The needed output is the run of lines below from the one containing "de Terre Sainte" through the one containing "3310-01259 Gauge Press", copied exactly and free of pictures.

RECORDS FOR THIS TASK ->
——
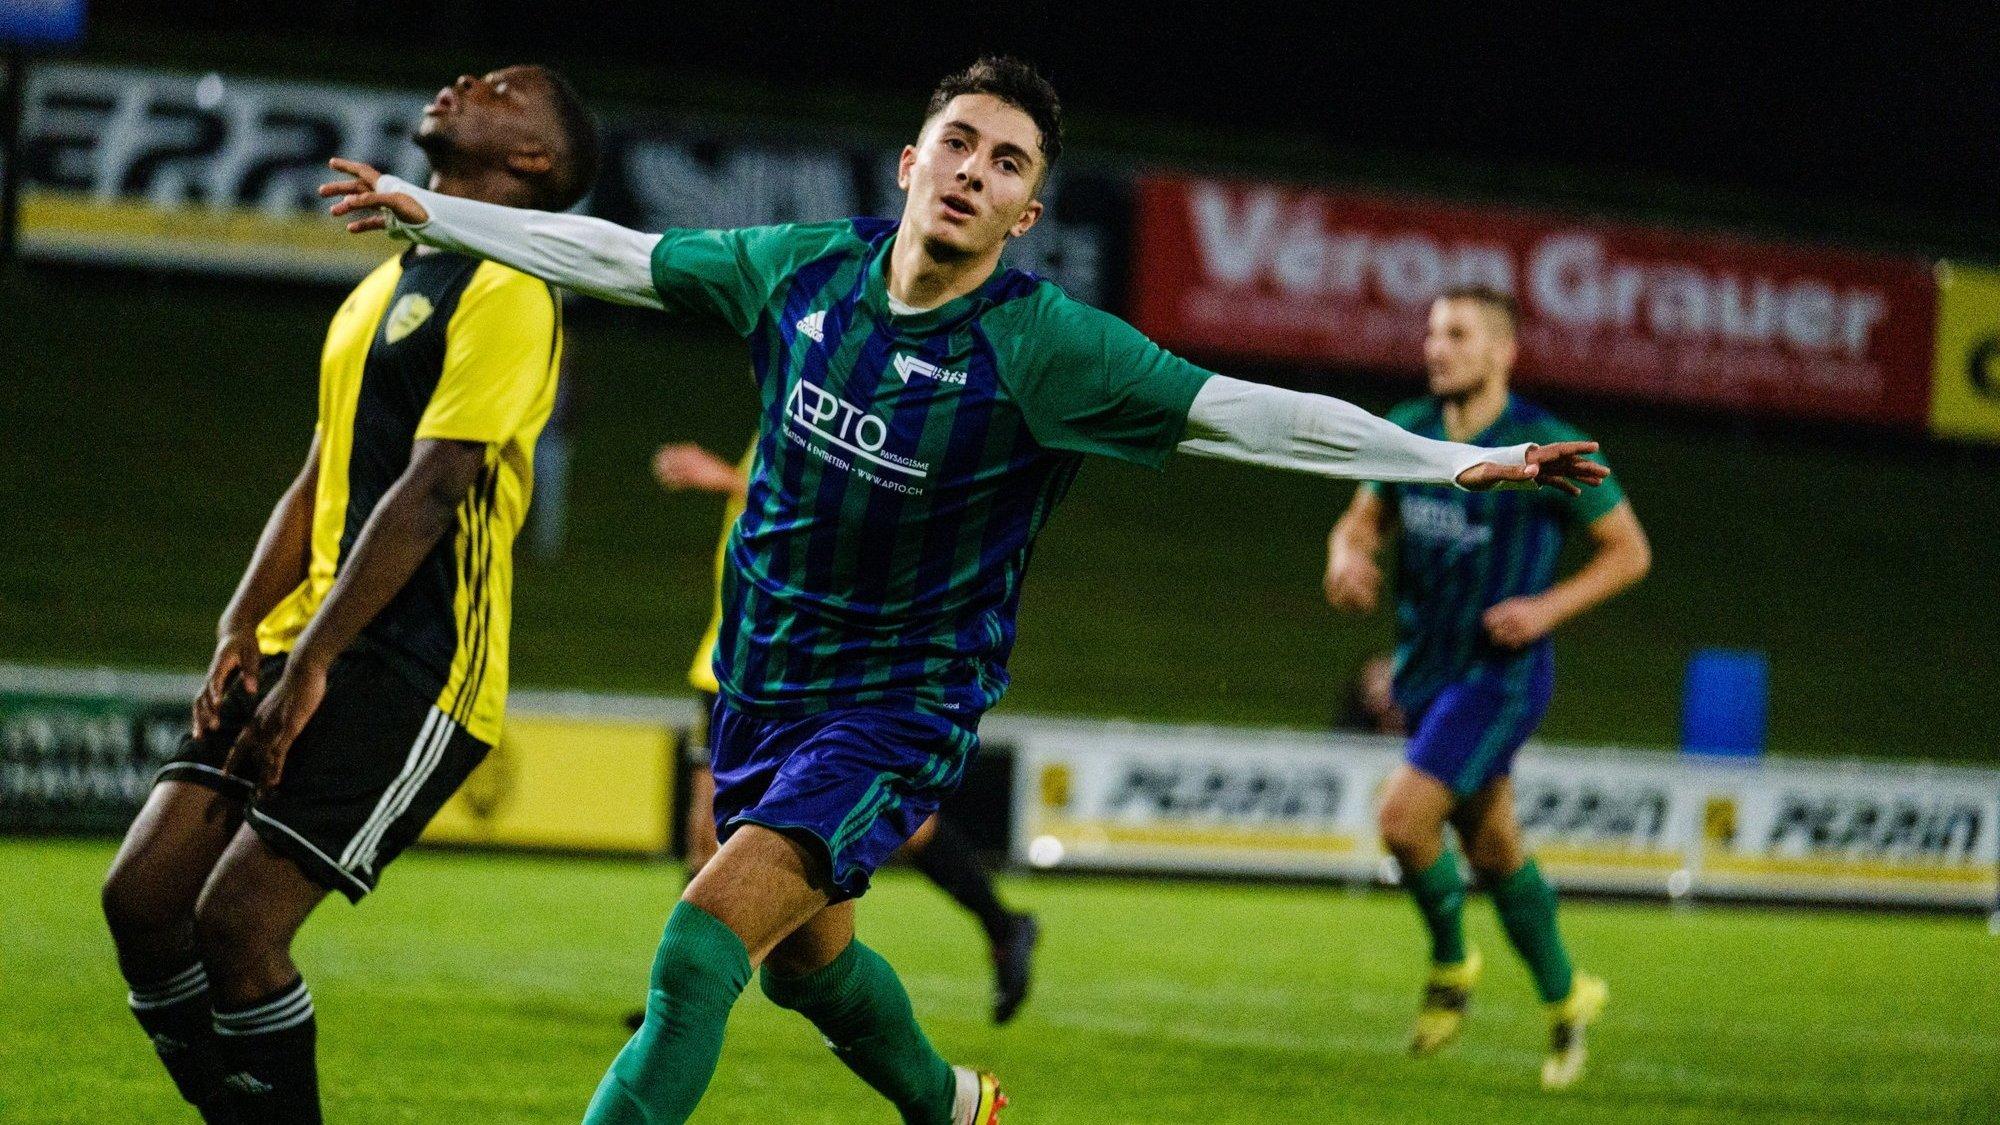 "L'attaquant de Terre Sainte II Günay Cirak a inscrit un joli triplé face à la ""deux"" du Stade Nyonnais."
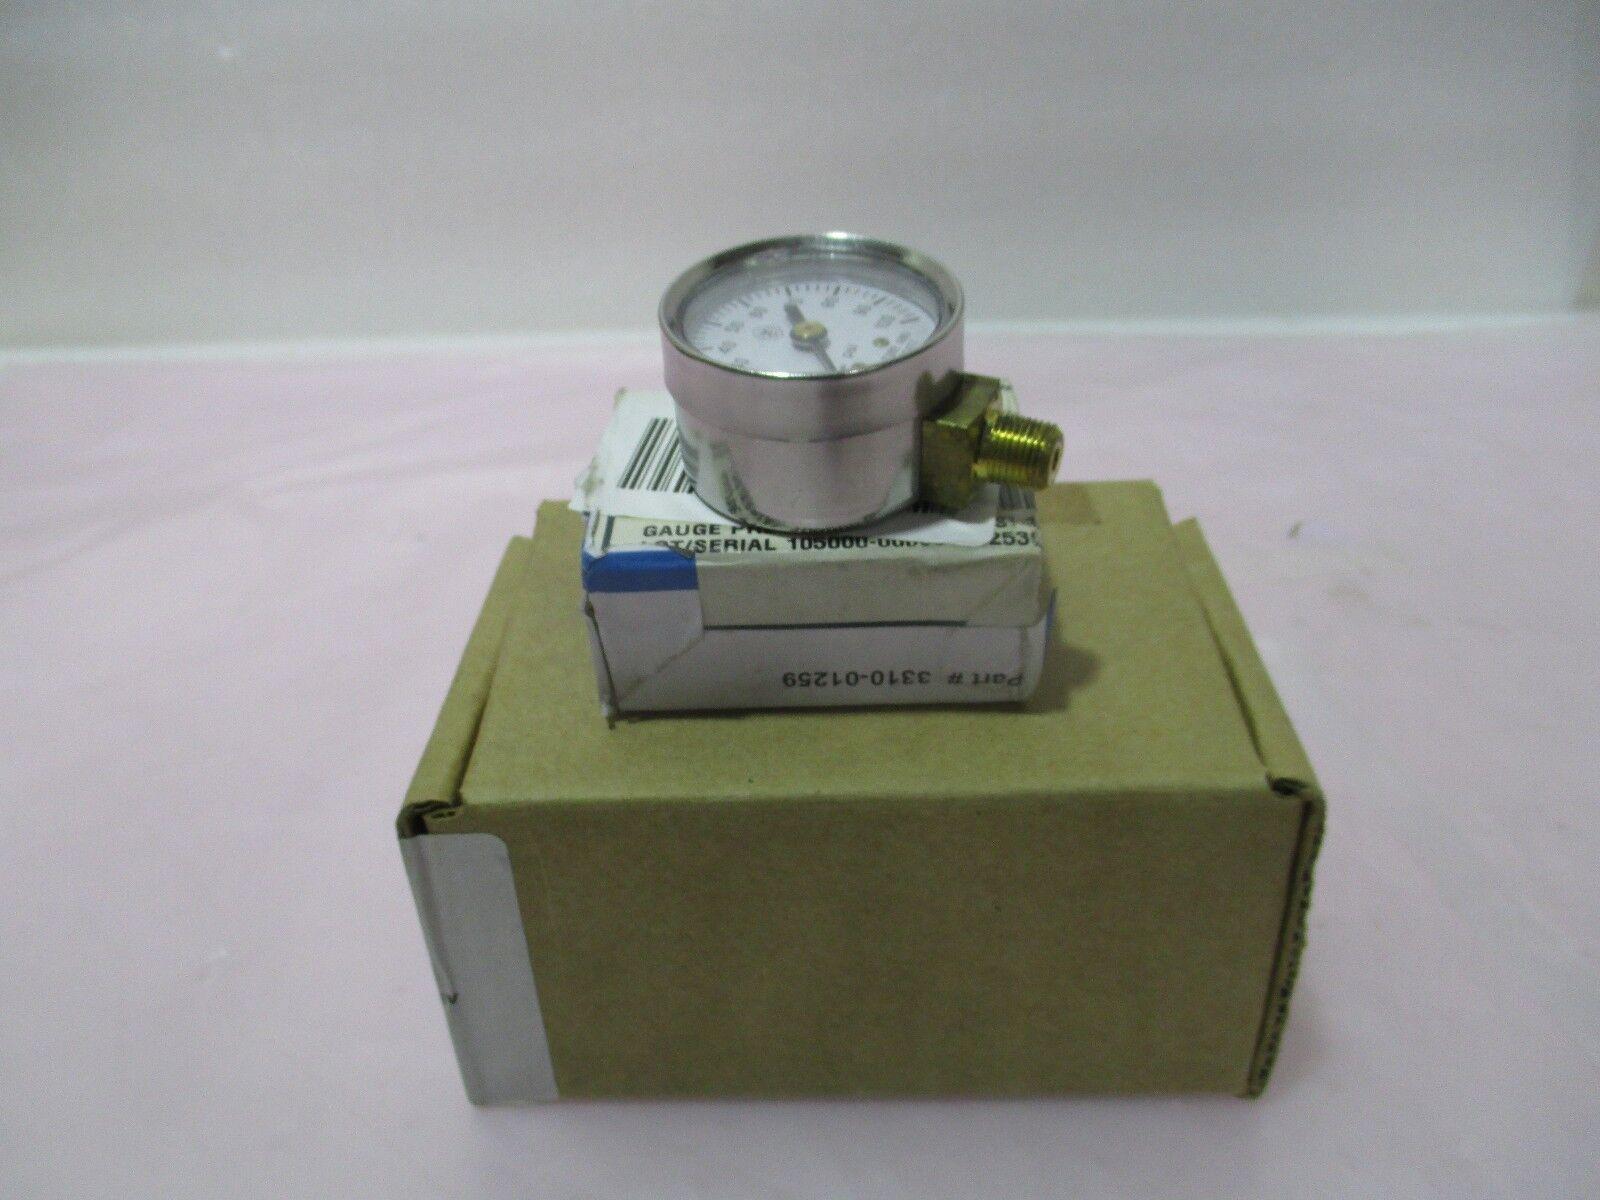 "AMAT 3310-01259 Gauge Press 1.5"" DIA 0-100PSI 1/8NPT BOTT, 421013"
——
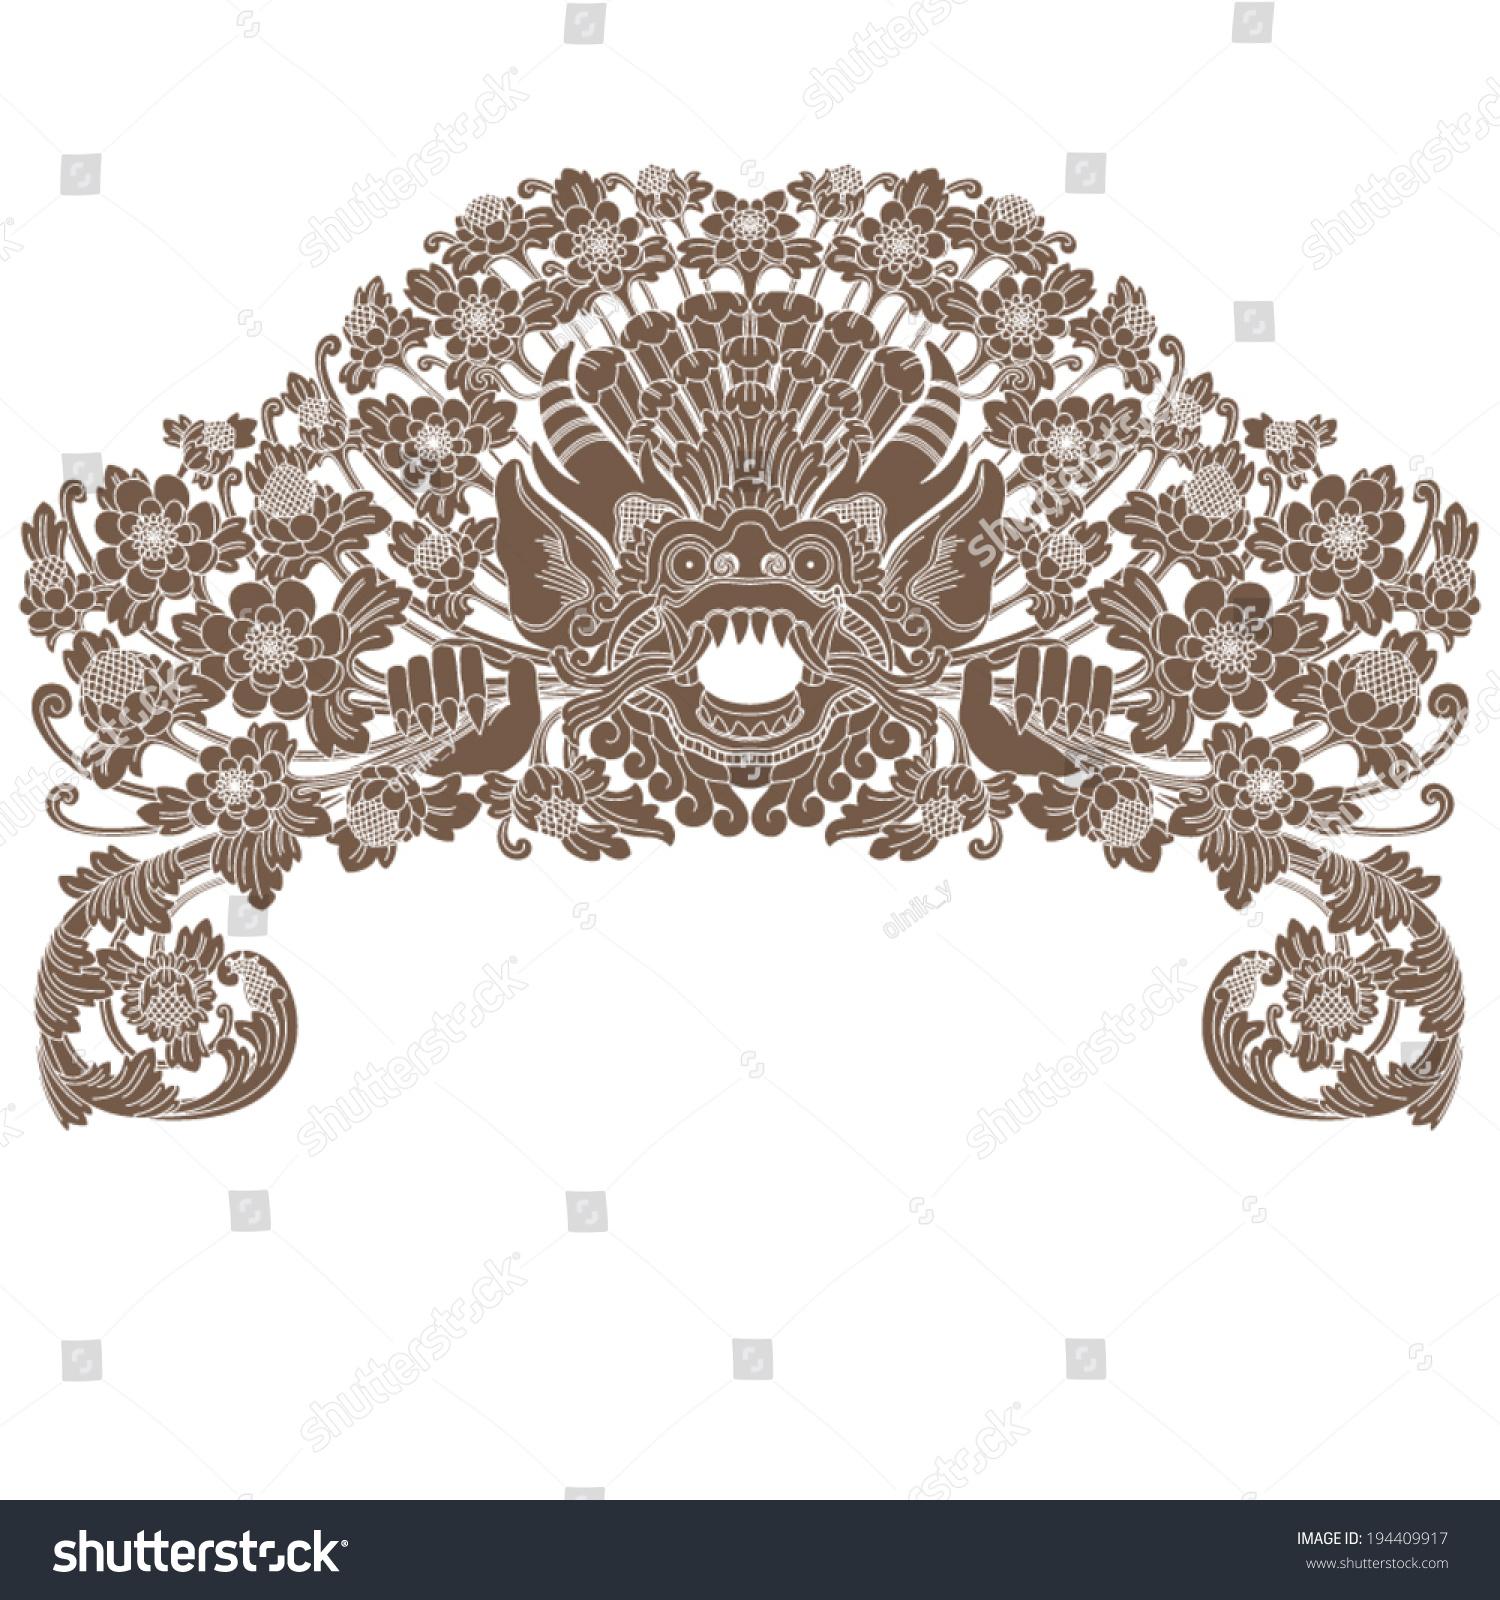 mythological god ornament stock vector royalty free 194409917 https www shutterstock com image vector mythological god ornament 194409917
——
EXERCISE ANSWER ->
 "L'attaquant de Terre Sainte II Günay Cirak a inscrit un joli triplé face à la ""deux"" du Stade Nyonnais."
 "AMAT 3310-01259 Gauge Press 1.5"" DIA 0-100PSI 1/8NPT BOTT, 421013"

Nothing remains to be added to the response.